- Instance Type: e2-standard-2
- CPU: 2
- Memory: 8 GB
- Zookeeper Version: 3.6.2
- Ensemble: 3 Nodes
- Region: GCP asia-south1
- Zone: asia-south1-c
- List Child Nodes on Path
- Get Data for Node
- Base node path was created on Zookeeper: /benchmark
- Nodes were created under this path with random name length of 30 chars and data size of 1KB
- Nodes were loaded to reach total node count of 100, 1K, 5K, 10K, 25K, 50K and 100K in each step
- After each load, the above-mentioned features were benchmarked for obtaining the latency numbers:
- List: list operation was run on base path for 100 samples
- Get Data: for 100 samples, a random node was selected and get operation was run
- For obtaining the CPU/Memory/Network usage, the above operations were run for higher sample size (10K) on a separate setup
TimeLine (can be used to correlate with the graphs):
- 7:50pm -> load 10K nodes
- 8:01-8:03 -> list operation (10K)
- 8:10-8:11 -> get operation
- 8:26pm -> load 10K nodes (total: 25K)
- 8:30-8:37 -> list operation (25K)
- 8:45-8:47 -> get operation
- 8:48pm -> load 25K nodes (total: 50K)
- 8:52-9:02 -> list operation (50K)
- Memory usage is directly correlated with number of nodes.
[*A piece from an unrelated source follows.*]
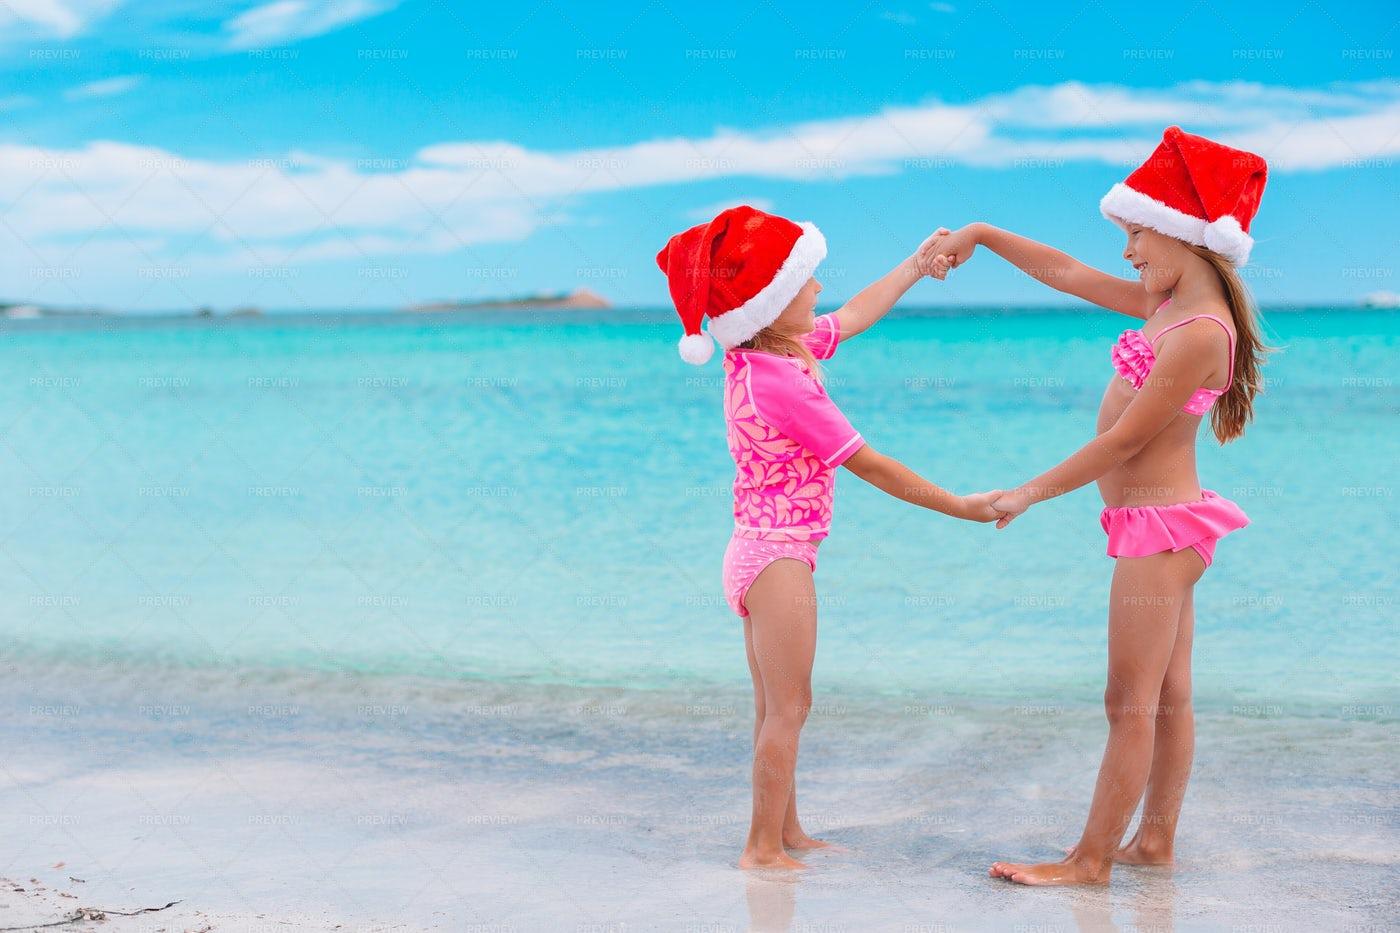 Christmas Hats On The Beach: Stock Photos

As more nodes are added, the memory also increases.
- For list operation, latency increase is almost exponential. Where approaching 100K starts having major degradations on the cluster.
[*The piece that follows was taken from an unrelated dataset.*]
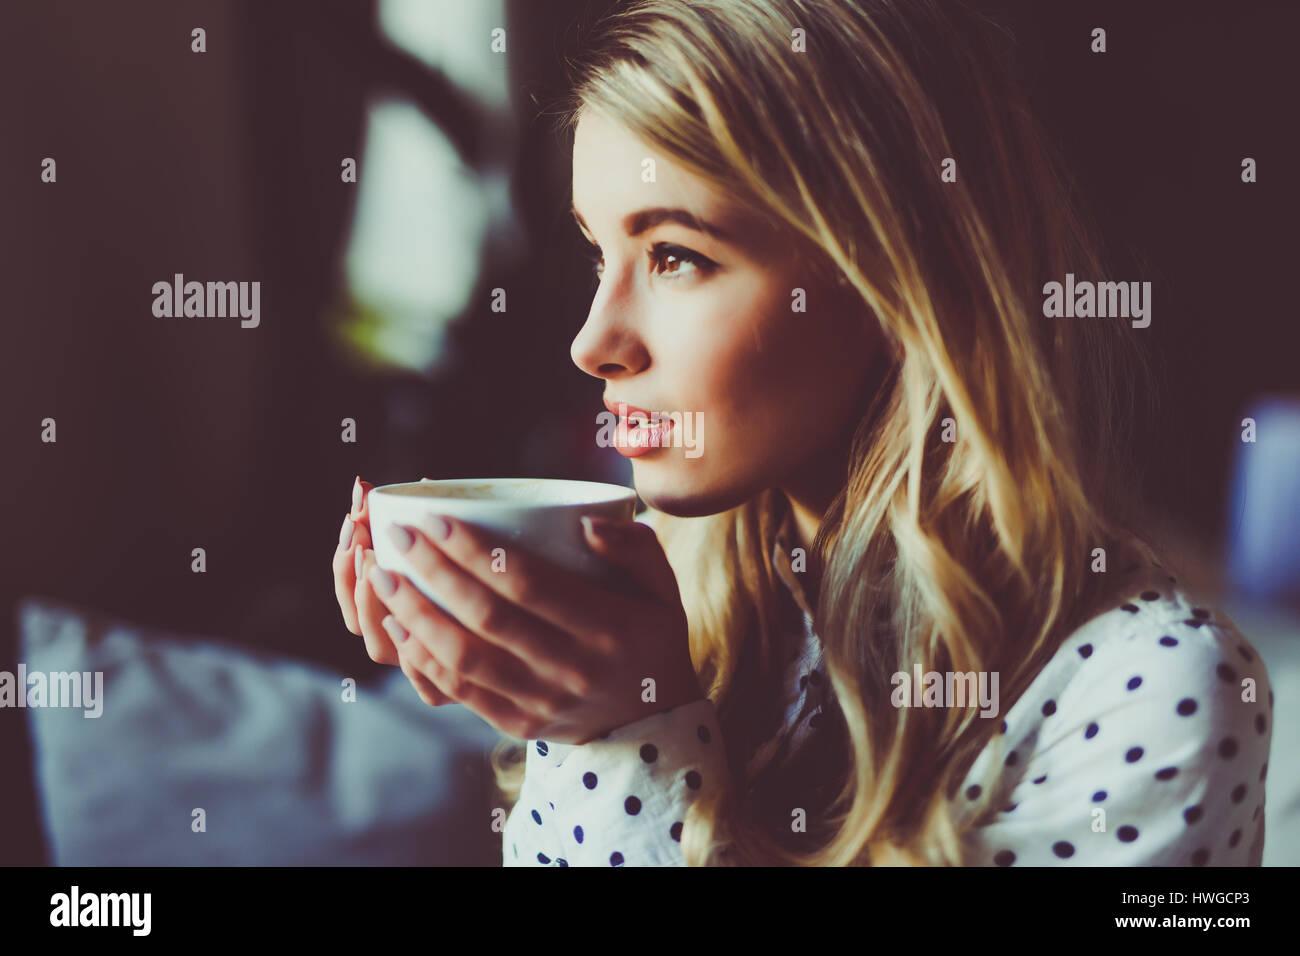 Portrait von junge, wunderschöne weibliche Teetrinken und nachdenklich aus dem Coffee-Shop-Fenster und genießen Stockbild

- CPU usage sees a slight increase from 20% to 25% which we think might be due to the overhead of transmitting the data over the network.
- For get operation, latency is too low and stable throughout. CPU and Memory usages also show negligible impact.
For upto 50K nodes, an instance size of 2 CPU and 4 GB memory should suffice. Provided network bandwidth upto 30MB/s is available. It is expected that at this level CPU usage will be around 30% and Memory usage of upto 2.5GB.